Page 2 of 2

Re: how to quickly find index of a word in middle of list

Posted: Sat Jan 02, 2016 11:52 am
by Michael Vogel
Didn't read the latest postings, so the following approach might be useless :wink: - I also was not able to find out, if you need to find the entry "hazelnut tree" when searching for a "nut"?

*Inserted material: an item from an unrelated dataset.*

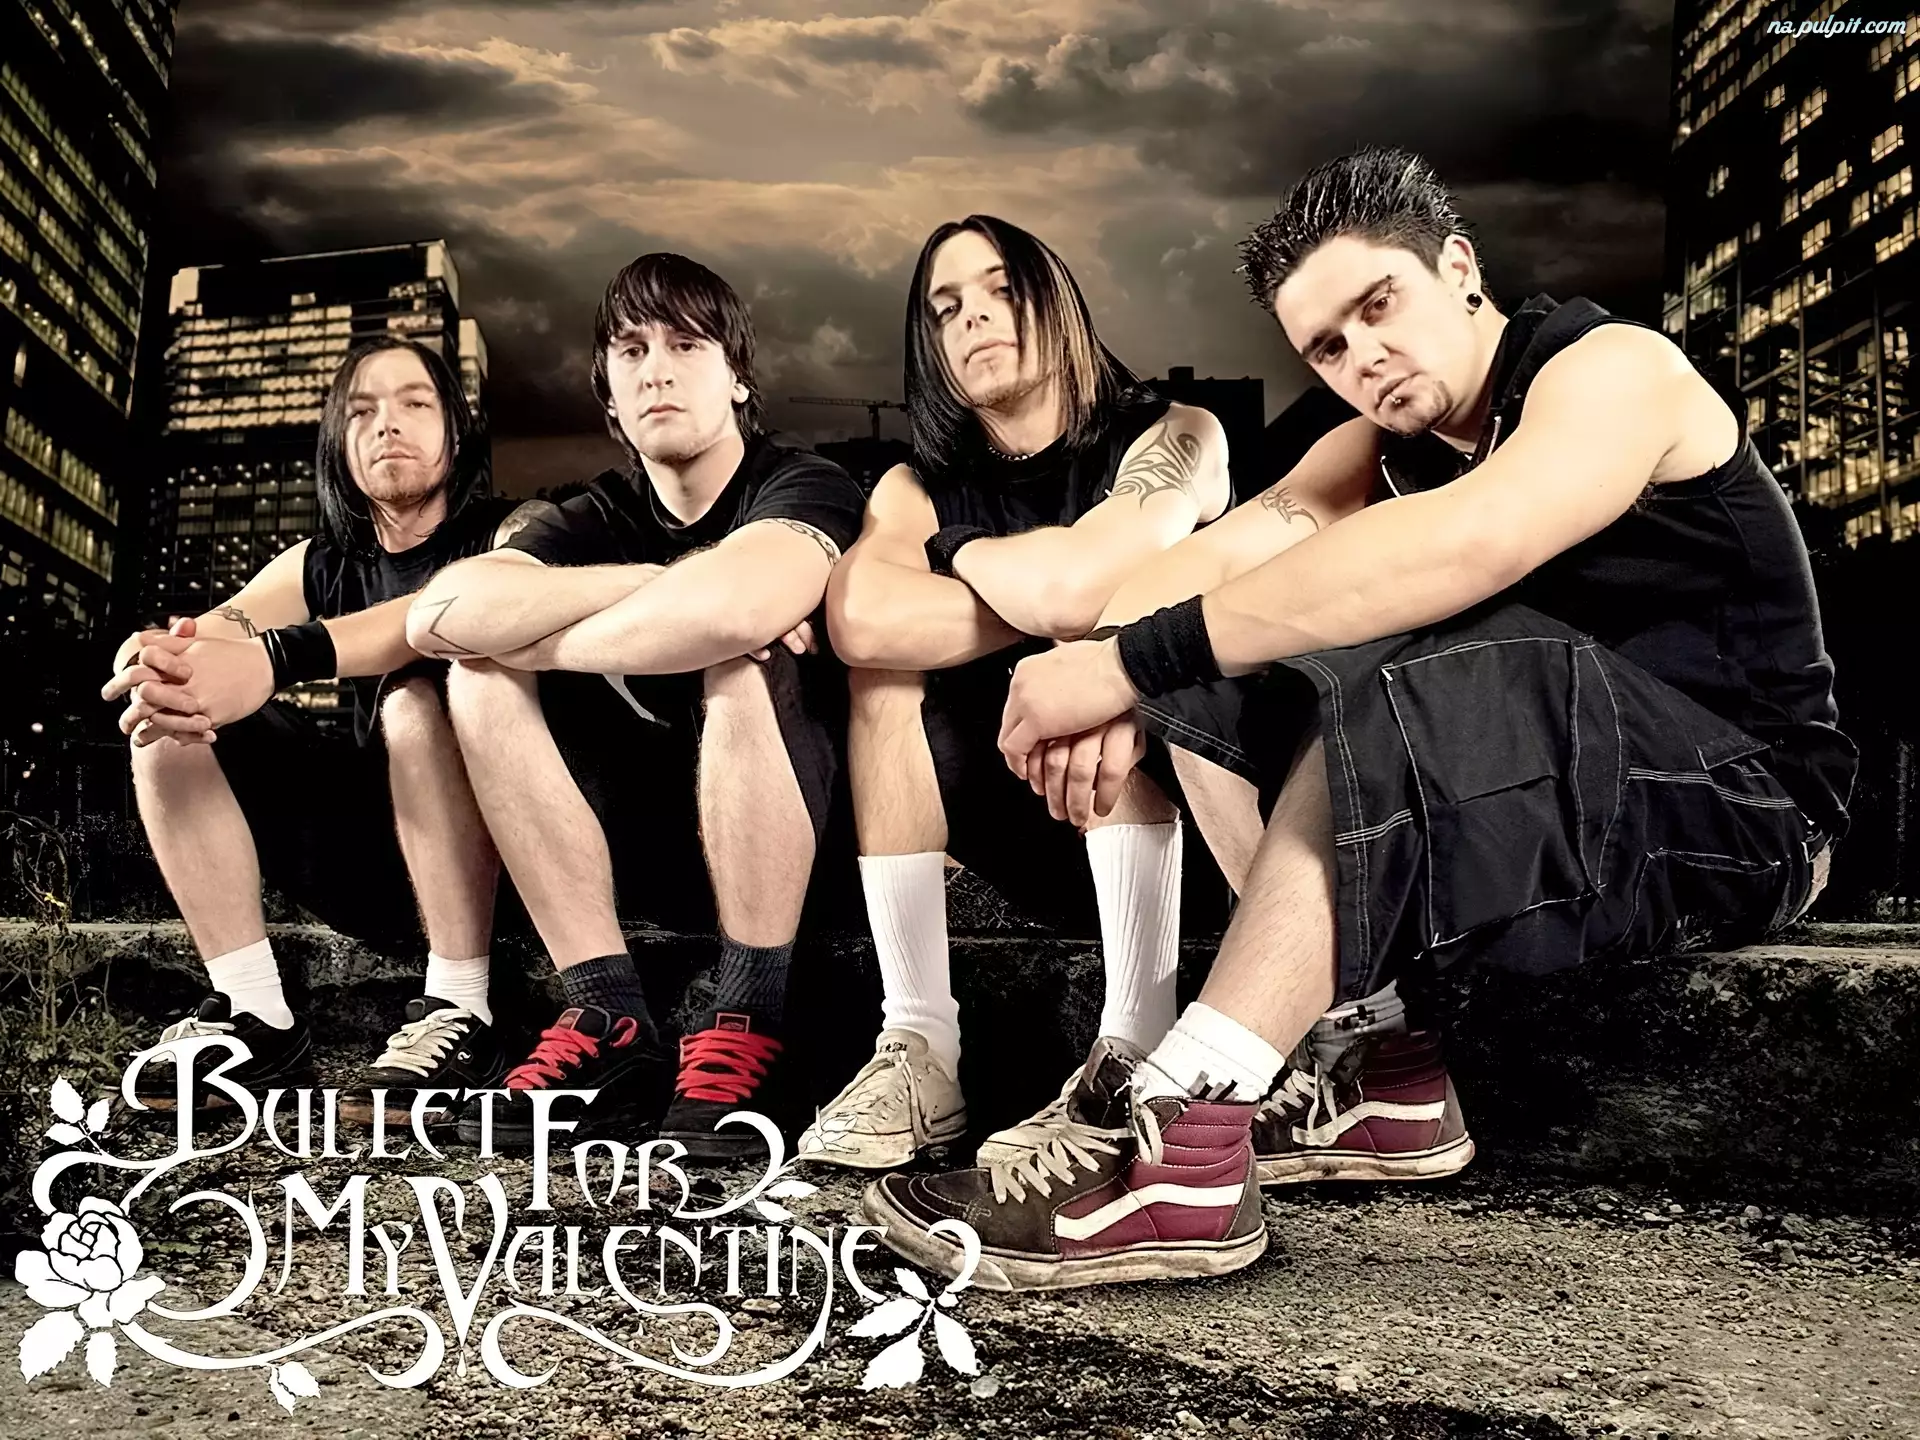 Bullet For My Valentine
, Rock

If not, the following start could help - because on a constant word table, also the pointer table also have after do be done only one time. To speed up everything, a fourth character could be included in the pointer list and a binary search in the find routine would to the rest...

Code: Select all


#Words=1234567
#Pointer=26*26*26
Global Dim abc.s(#Words)
Global Dim ptr(#Pointer)

Debug "Create sorted word list..."
RandomSeed(0)
Dim aaa(3)
init.s="aaa"

z=0
more=1
While z<#Words
	z+1
	abc(z)=init
	n=Random(15)
	For i=1 To n
		abc(z)+Chr('a'+Random(25))
	Next i

	If more And Random(50)=0
		n=0
		m=3
		Repeat
			If aaa(m)<25
				aaa(m)+1
				n=1
				;If m=1
				;	Debug Chr(aaa(1)+'a')
				;EndIf
			Else
				aaa(m)=0
				m-1
				If m=0
					n=1
					more=0
				EndIf
			EndIf
		Until n
		If more
			init=Chr('a'+aaa(1))+Chr('a'+aaa(2))+Chr('a'+aaa(3))
		EndIf
	EndIf
Wend

Debug "Create pointer..."
z=#Words
While z>0
	ptr((PeekA(@abc(z))-'a')*576+(PeekA(@abc(z)+SizeOf(Character))-'a')*26+(PeekA(@abc(z)+SizeOf(Character)<<1)-'a'))=z
	z-1
Wend

z=#Pointer
ptr(#Pointer)=#Words
While z>0
	z-1
	If ptr(z)=0
		ptr(z)=-Abs(ptr(z+1))
	EndIf
Wend

Procedure find(s.s)
	
	Protected pointer,n
	
	pointer=(PeekA(@s)-'a')*576+(PeekA(@s+SizeOf(Character))-'a')*26+(PeekA(@s+SizeOf(Character)<<1)-'a')
	
	If pointer>=0 And pointer<#Pointer
		n=Abs(ptr(pointer+1))
		pointer=ptr(pointer)
		If pointer>0
			While pointer<n
				If abc(pointer)=s
					Debug "Found '"+s+"' at position "+Str(pointer)
					ProcedureReturn pointer
				EndIf
				pointer+1
			Wend
		EndIf
	EndIf
	
	ProcedureReturn #Null
		
EndProcedure

	
Debug "Search..."
Debug find("ahedtymjfcszty")
Debug find("cvhnvwzssyrkfmpzsa")
Debug find("zzzdacknjkxghp")

Re: how to quickly find index of a word in middle of list

Posted: Sat Jan 02, 2016 2:03 pm
by Keya
wilbert wrote:You can reserve a special index value (for example $FFFF) to indicate a collision and use the PB Map as a fallback for the few collisions that do occur.
For all those items where there is no collision, you could instantly retrieve the index value this way after calculating the hash.
brilliant! I'll have to give it some more thought about implementation, but throwing all the collisions in the one bucket sounds like it could be a great little efficiency boost

Because I'll be able to preprocess the ~10k items im wondering how feasible it is to create a perfect hash function with no collisions - it seems possible but at this stage i dont personally understand perfect hashes well enough so i'll probably have to put perfect hashing aside and accommodate the few collisions that do occur, and i dont want to clog up my code with kilobytes of perfect hash code just to deal with a small handful of collisions, although I am tempted to try several different multipliers (31, 33 etc) just to see if that results in a cheap way to get perfect hash, storing the multiplier value alongside of course. Testing should be interesting!

Michael,
Michael Vogel wrote:Didn't read the latest postings, so the following approach might be useless :wink: - I also was not able to find out, if you need to find the entry "hazelnut tree" when searching for a "nut"?
good question heehee - I only need to find "nut" in "hazelnut" IF "nut" is itself listed as a single word (so no, i don't need to search for substrings)
Thanks for the sample, checking it out now!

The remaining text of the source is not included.